ConcernedOfTunbridgeWells
It is close, it is a IVR system that can run any script not just surveys. For instance a basic script may measure up to 500 variables from the call, including time to respond to a prompt for a question, the result of the question etc, at a basic level yes, we already provide a CSV result table but with hardcoded columns (it is really unmanagable), an Entity Value schema is not performant so we discounted that - which is why we settled for a SQL Server dynamic columns (through sparse columns) and I am trying to determine if there are other solutions :)
Kinlan
And the other point is that (without sounding rude to our clients) is that they either can't analyse the data we already present and we have to manage the reporting for them in summarised form; or they simply don't want to have to manipulate the CSV export we already provide.
Kinlan
(The following verges on exceeding my bluntness quota for the day): If they can't analyze their data, then what's their deal? Do you provide the domain expertise they seem not to have? Do you know what their scripts are about? Really, at some point, someone has to figure out what they want and what it means. If that's constantly changing, then maybe some process changes are required as well, but GIGO.
John Saunders
John, the main thrust I am trying to get at is: are their systems suited to storing and analysing schema-less data? that is, where the schema is not fixed. Most Analysis systems I have seen seem to have a very specific schema fixed against mostly slowly changing systems. I am not asking people to question the choice of what data take on a call and provide to our clientbase. We will use the data if our clients don't, we do provide domain expertise and the breadth of the client base means that lots of it can't be supplied across all customers, many customer have vastly different calling scripts.
Kinlan
John: However rspec looks interesting.
Kinlan
I think this would be a good time for me to just shut up. The fact is that I'm very skeptical that this is a schema-less database. It sounds like a requirement-less database. The customers may have an excellent grasp of their internal data requirements, but it seems that by the time it gets to IVR, the details are lost and all you have is "300 variables". This seems like an issue with the process.
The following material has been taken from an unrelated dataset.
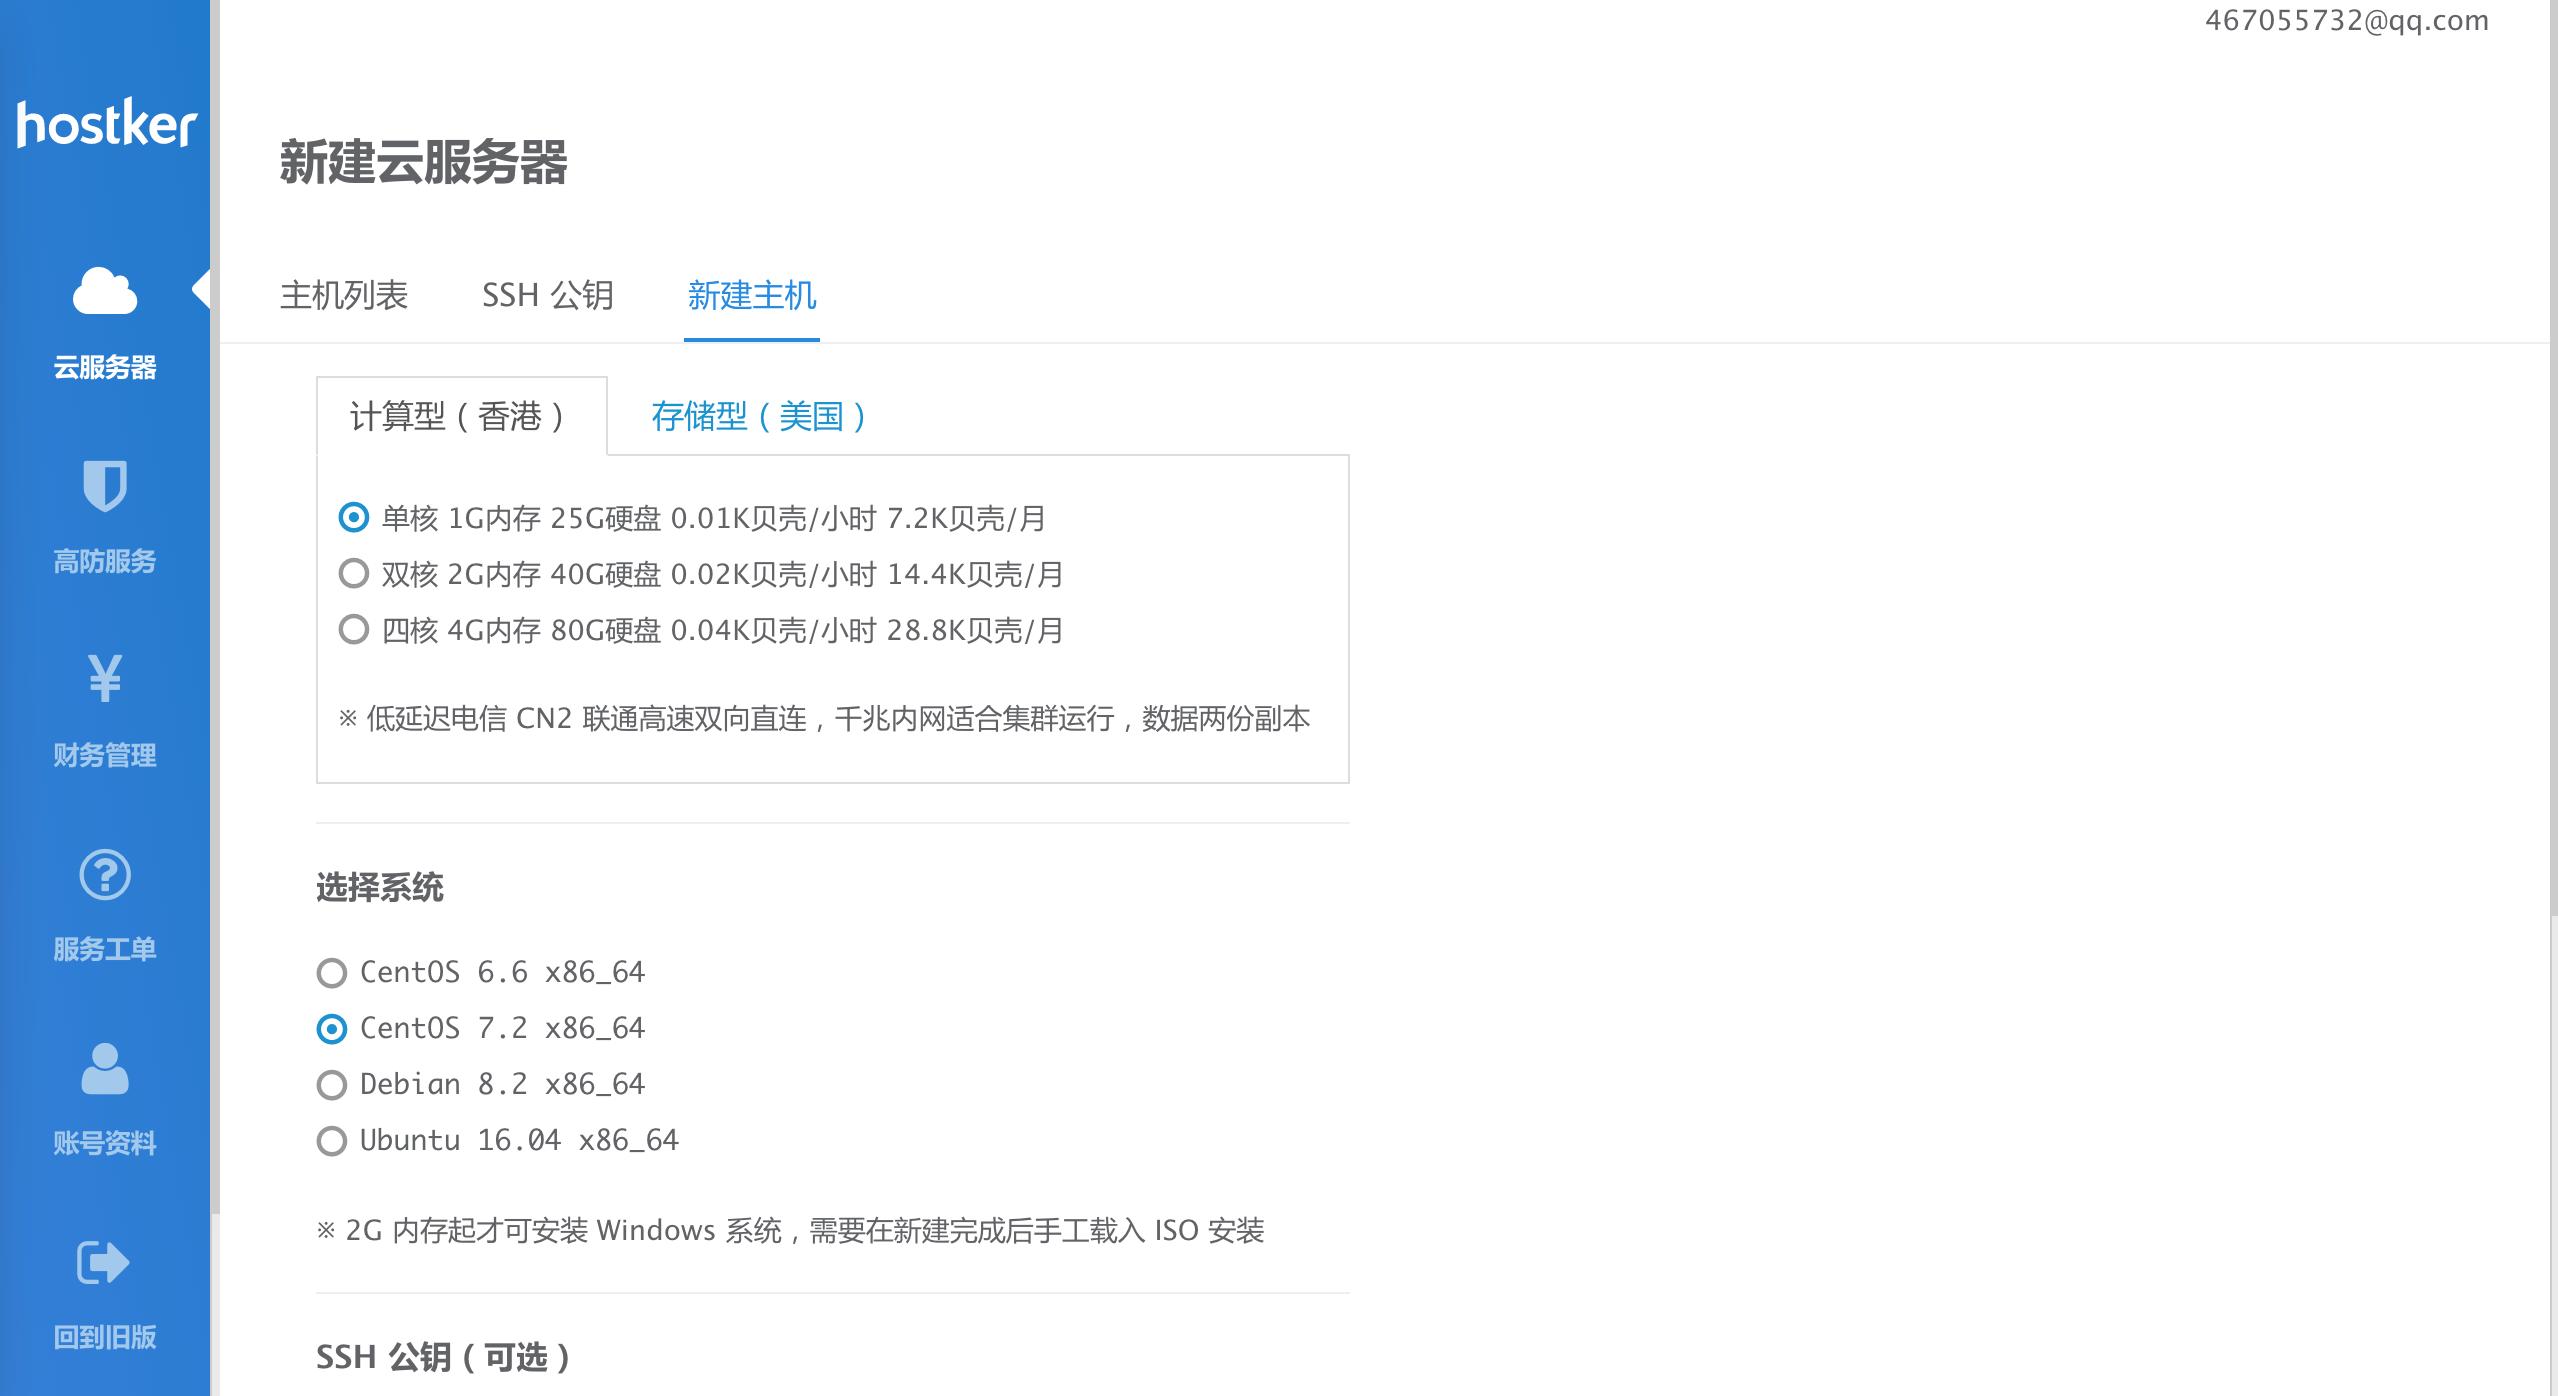 [使用测评]Hostker / 主机壳 - 可能是最萌的云计算/虚拟主机服务商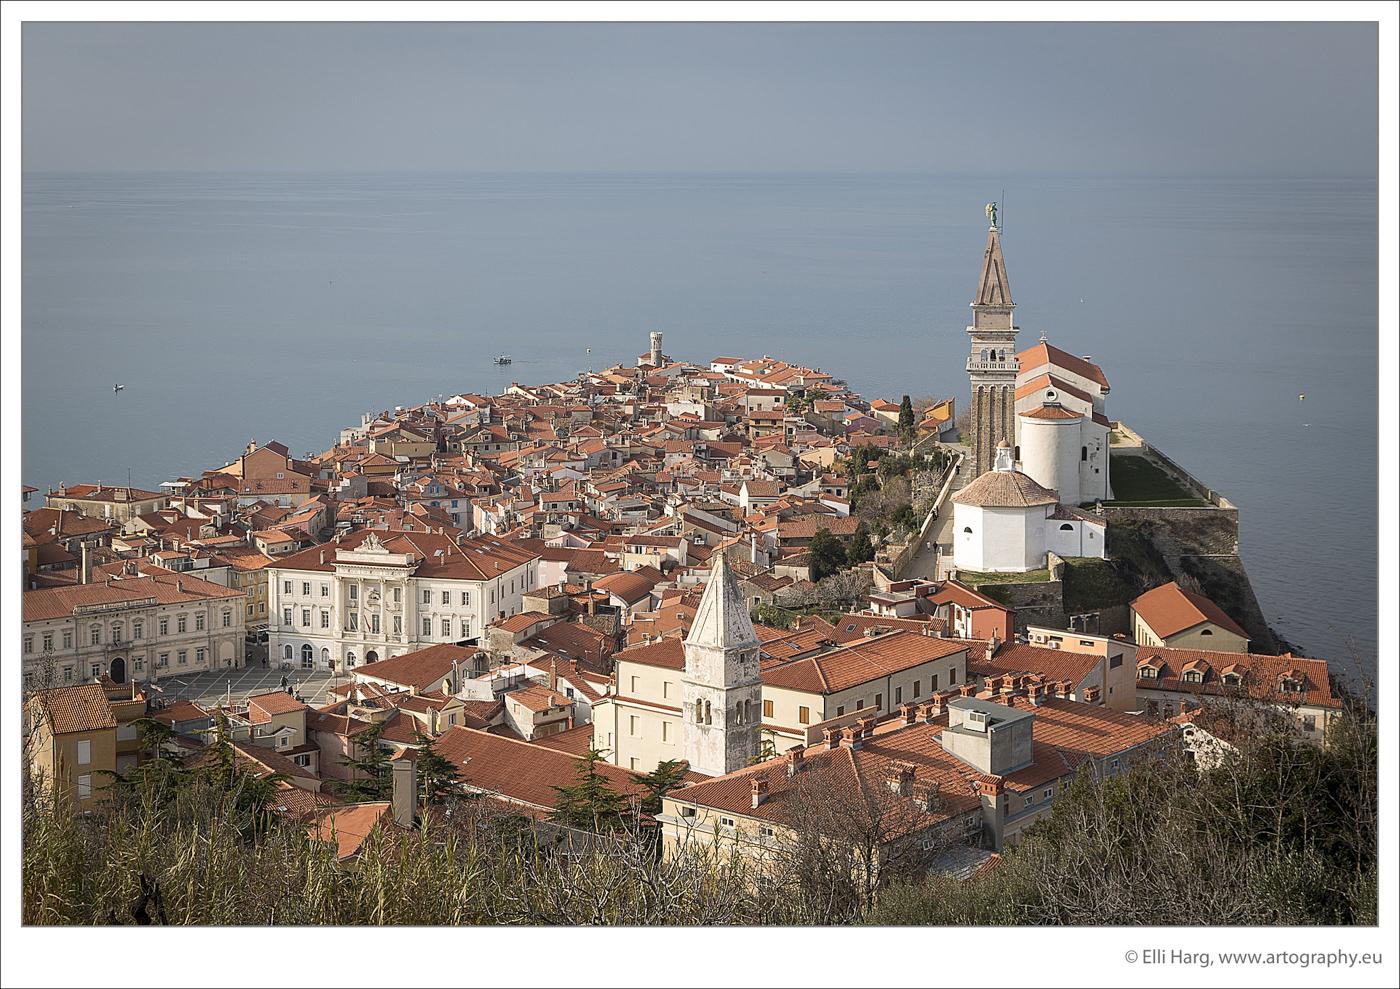 Sicht auf Piran von der Stadtmauer aus

I can imagine it may be endemic to your industry, but it's a lot like what I've seen in other industries.
John Saunders
John, Seriously. the question and the issue is not to do with the requirements or the process in which we generate the IVR, I specifically tried not to go in to detail about our application because I knew there would be this type of discussion about why I want a "schema-less" database, we have the variables because they are precise measurements about every facet of a call. The question was clear, concise and was essentially are their any datastores that are suited schema-less data and suited for analytics. I am trying to stay away from the "always use a traditional RDBMS" mindset.
Kinlan
I do appreciate the time you spent on this subject
Kinlan
Optimising - this is the key. I'll still argue that you want to look at statistics software like R. In this case you probably want to think of an event-based model and possibly a data mining tool - this does sound like a data mining application in disguise.
ConcernedOfTunbridgeWells
For sure, everything that happens in call is the response of an event occurring, and there are events that only ever occur when another event occurs. The system essentially produces one large detail record at the end of the call. (We do have in call events that can be logged seperatly - but that is essentially a different system, and might be a different problem domain too)
Kinlan
Presumably this record has time stamps of various events or (as you say) response times to certain questions - if so it can probably be transformed into a time series where this is relevant and whatever static variables are necessary.